Column 933The hon. Member for Richmond and Barnes (Mr. Hanley) has drawn my attention to a document that encapsulates my point very clearly--a report by Peat, Marwick McLintock on the audit committee. The introduction says that, in recent years, the presentation of financial information by commercial organisations has been subject to increasingly stringent standards of accountability. This trend has been accompanied by a few highly publicised instances of fraud and corporate failure which have focused attention on the stewardship responsibilities of the boards of directors, particularly in relation to the fair presentation of financial information and the accounting controls of the business. The board of directors is legally responsible for ensuring that the financial statements give a true and fair view, yet the board's detailed involvement in the preparation of those accounts may be minimal.
These people are reputable and know all about these matters. I presume that they have been campaigning on them for years and have consulted widely, as did members of the Committee. The board's detailed involvement in the preparation of those accounts may be minimal, however, as the financial management usually prepares the annual accounts. The board may often rely on an external auditor's expertise to ensure that no material misstatements exist. These people understand the problem and they are making a proposition. They know it works and, as the hon. Member for Chichester said, in other countries such arrangements are already standard practice. I support the view that he advanced that, if companies want to be listed, they should be required to comply with the arrangements, if only to safeguard the interests of shareholders in companies where large shareholdings may be held by individual directors whose power and influence on the affairs of the company is therefore draconian. Surely inside those boards one needs a committee or some independent directors who can report and give a more arm's-length, independent view of what is happening.
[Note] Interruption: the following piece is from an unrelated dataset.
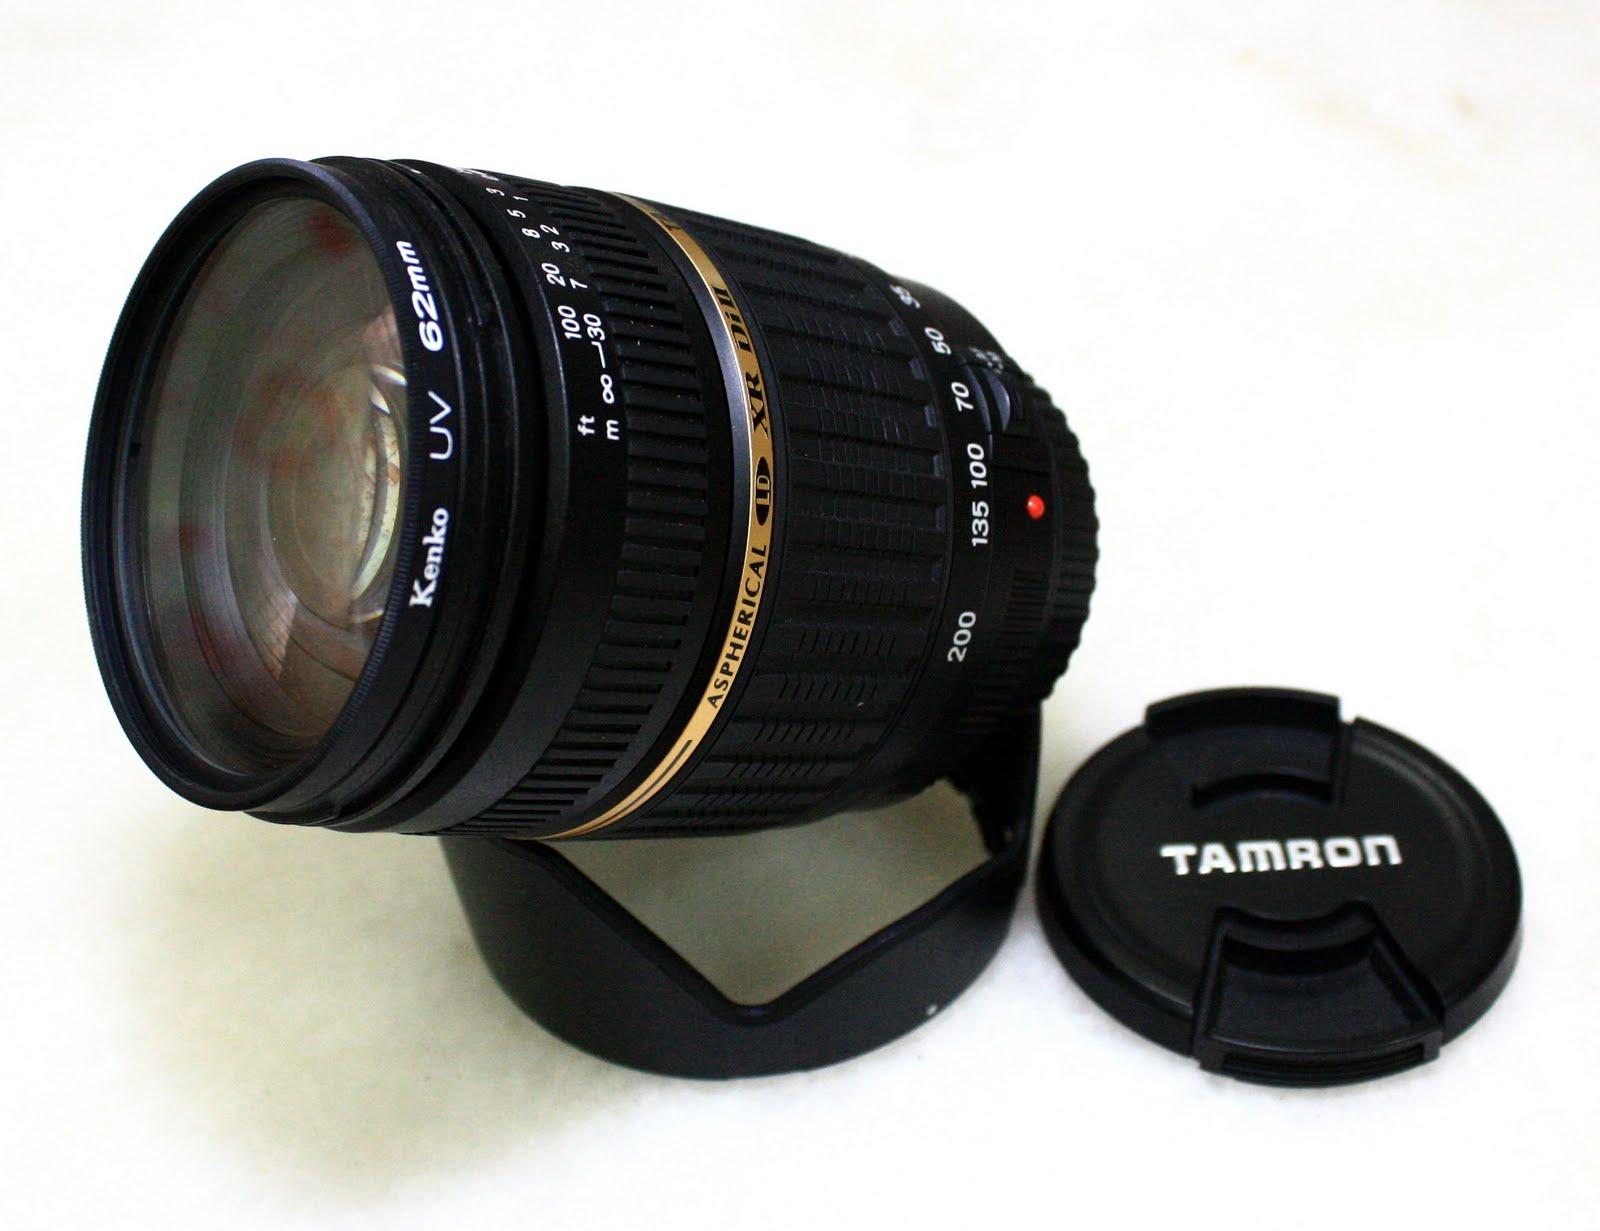 EF-S Canon telephoto lens 18-200mm

I do not want to undermine my case, but I shall draw the House's attention to one independent directorate with whom I have had some dealings in the past few months which is well known to the hon. Member for Beaconsfield (Mr. Smith). The Observer newspaper has a board of independent directors which was set up prior to the takeover by Lonrho, but I feel sure that what we are advocating is not similar to that arrangement. It was a way to try to reassure the public, journalists, readers and others that the company would not be unreasonably manipulated by Mr. Tiny Rowland and his cohorts in Cheapside. Unfortunately, that board of independent directors did not do its job properly and the newspaper has been manipulated, which is why its circulation has fallen so dramatically and why it will probably be out of business in no time. That is something that the journalists on that newspaper have to sort out and it is to be hoped that Mr. Tiny Rowland will divest himself of control of that newspaper. That is not the kind of independent board of directors that we are looking for. We want a body with teeth, which has an arm's-length relationship, and which will report and consider the financial affairs of a company independently.